- **Exercise**: Nothing but the lines from the one containing "Garden greenery zippered" through the end of the data should be retyped, exactly as they stand, and pictures should not be retyped.

- **Supplied material**:
____

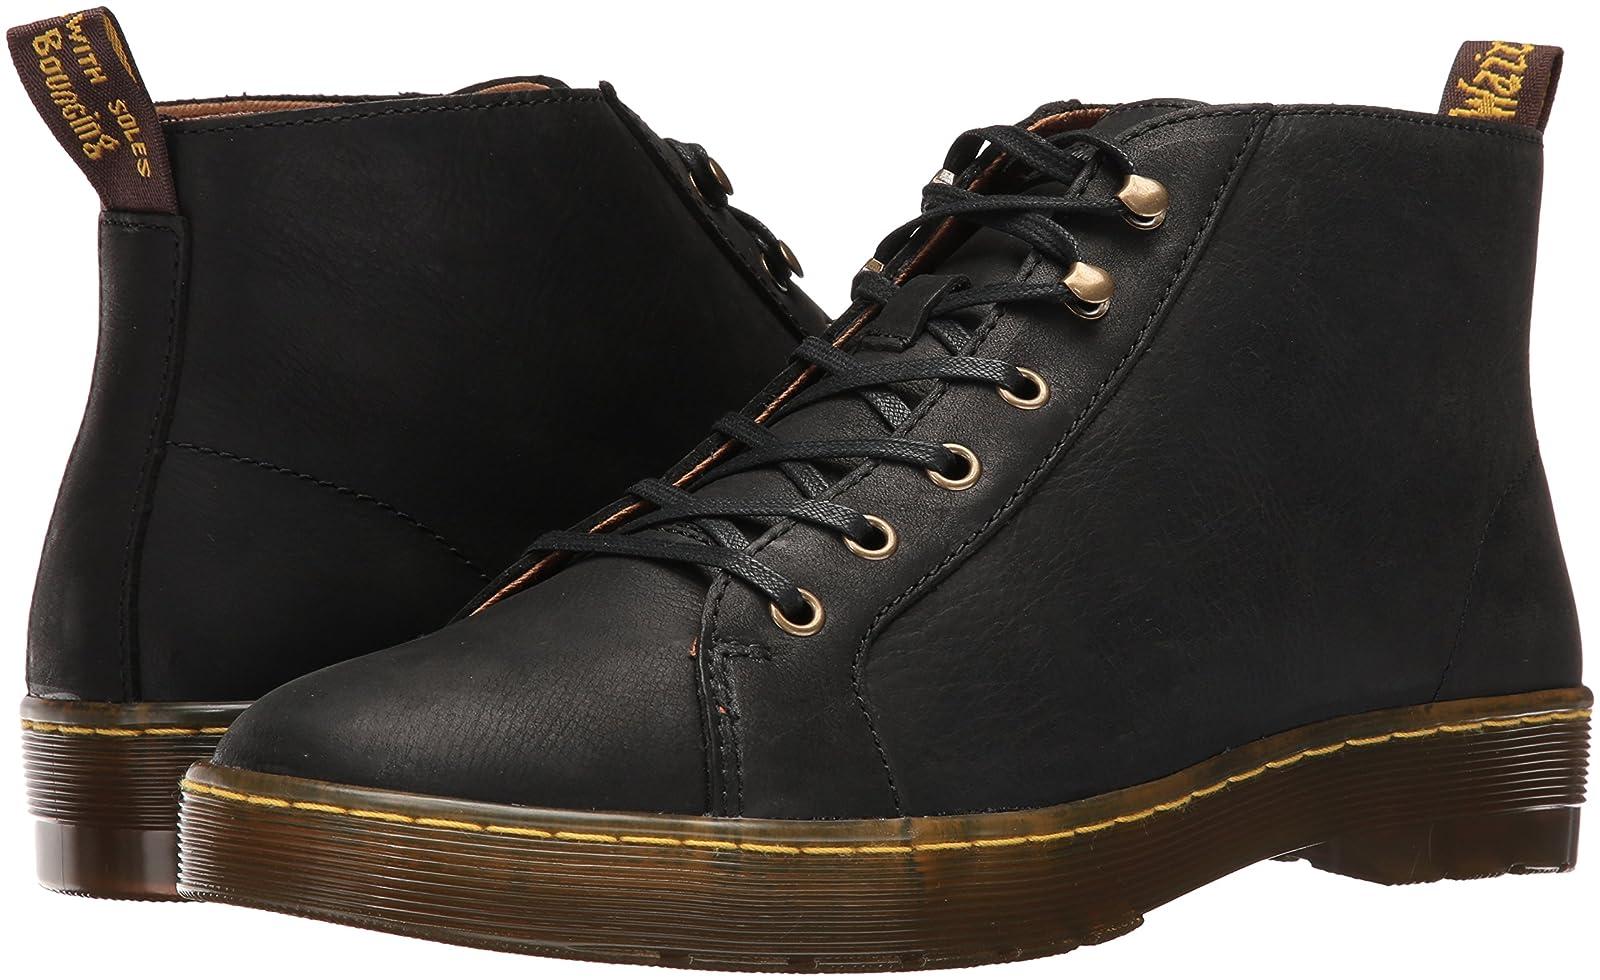 Dr. Martens Men's Coburg Wyoming Chukka Boot 9 M US - 6
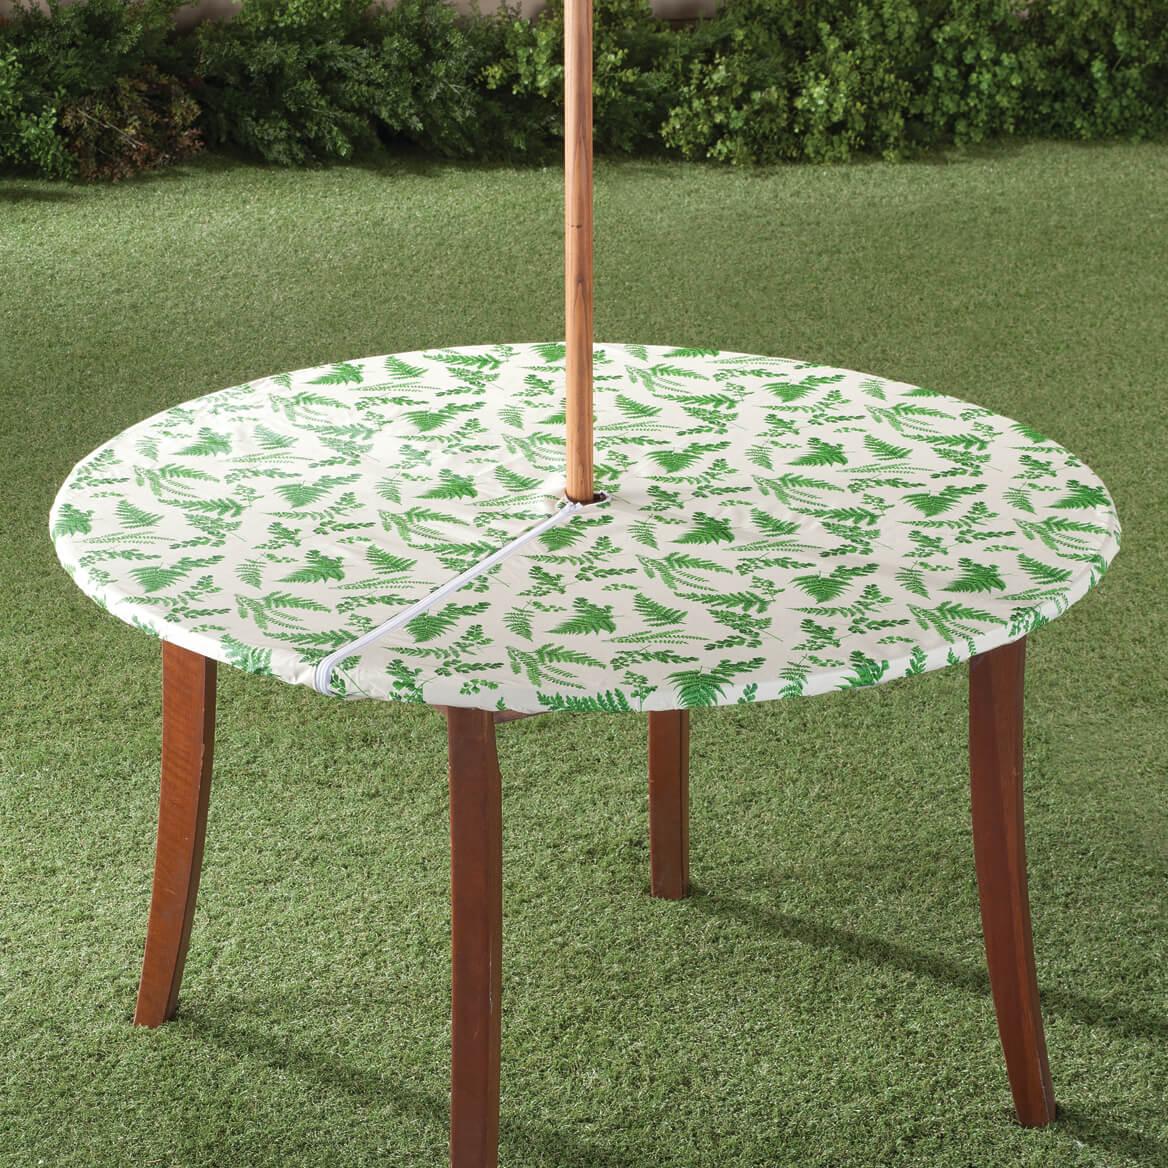 Garden greenery zippered elasticized umbrella table cover 358463
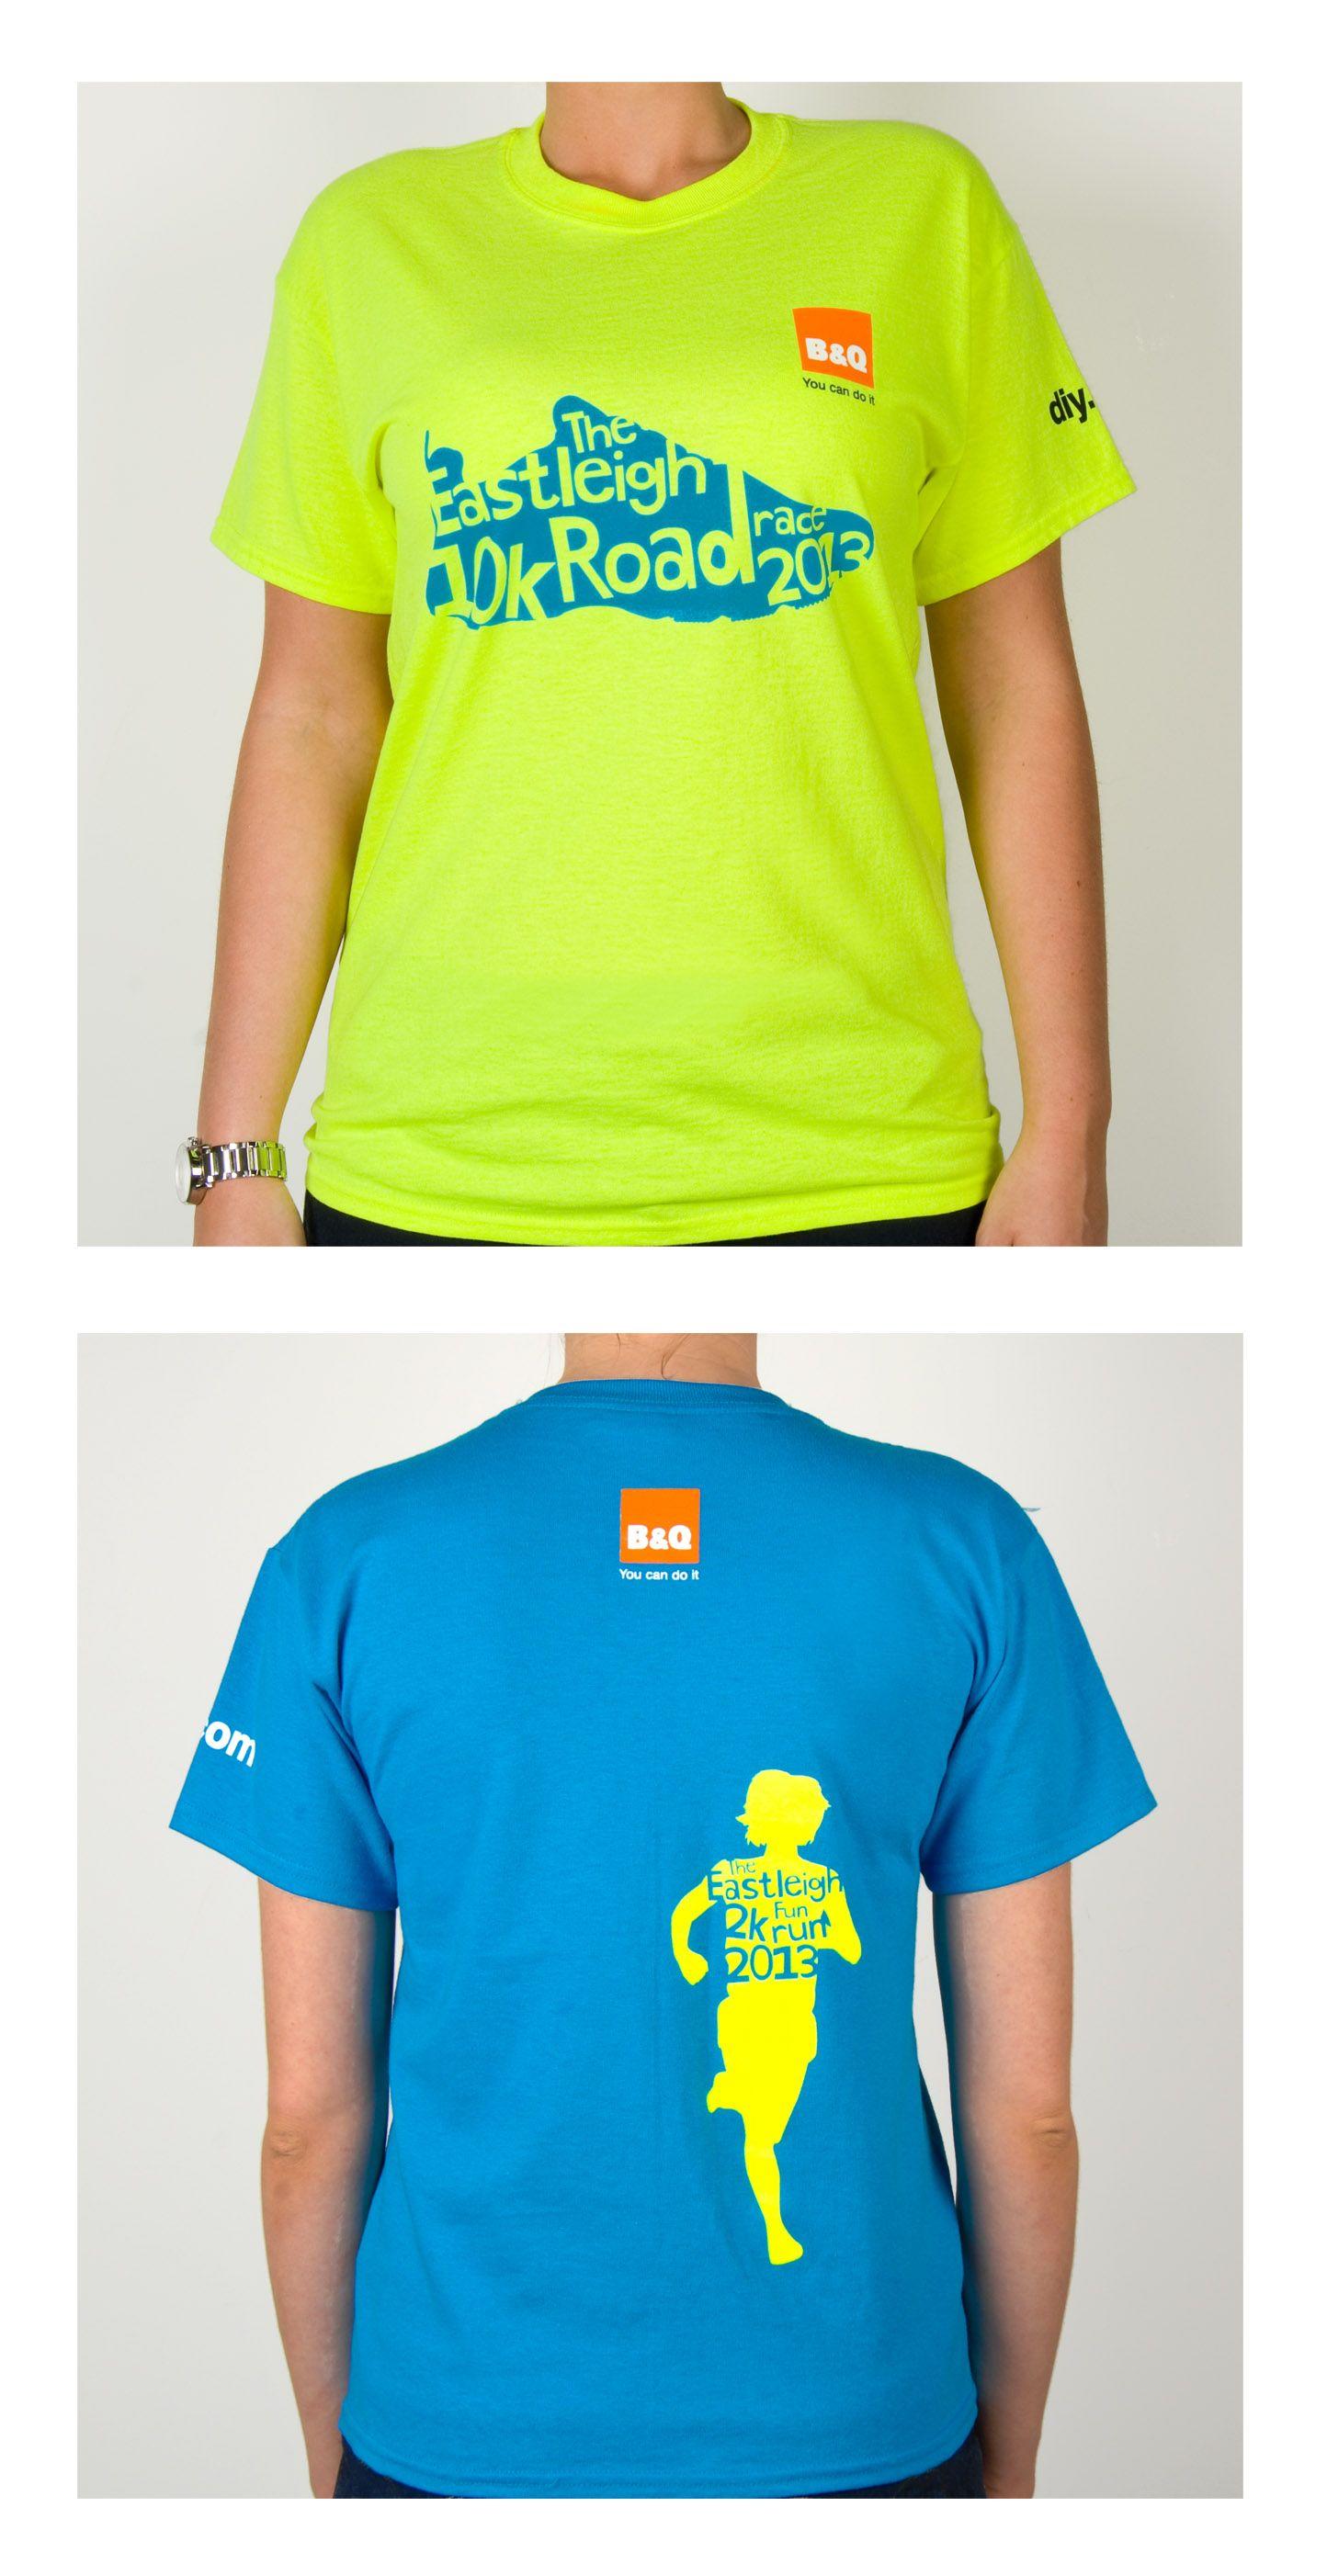 8b612febf2e70 Fluorescent Eastleigh 10k and 2k Fun Run t-shirts 2013   Feels like ...

____

- **Exercise solution**:
 Garden greenery zippered elasticized umbrella table cover 358463
 8b612febf2e70 Fluorescent Eastleigh 10k and 2k Fun Run t-shirts 2013   Feels like ...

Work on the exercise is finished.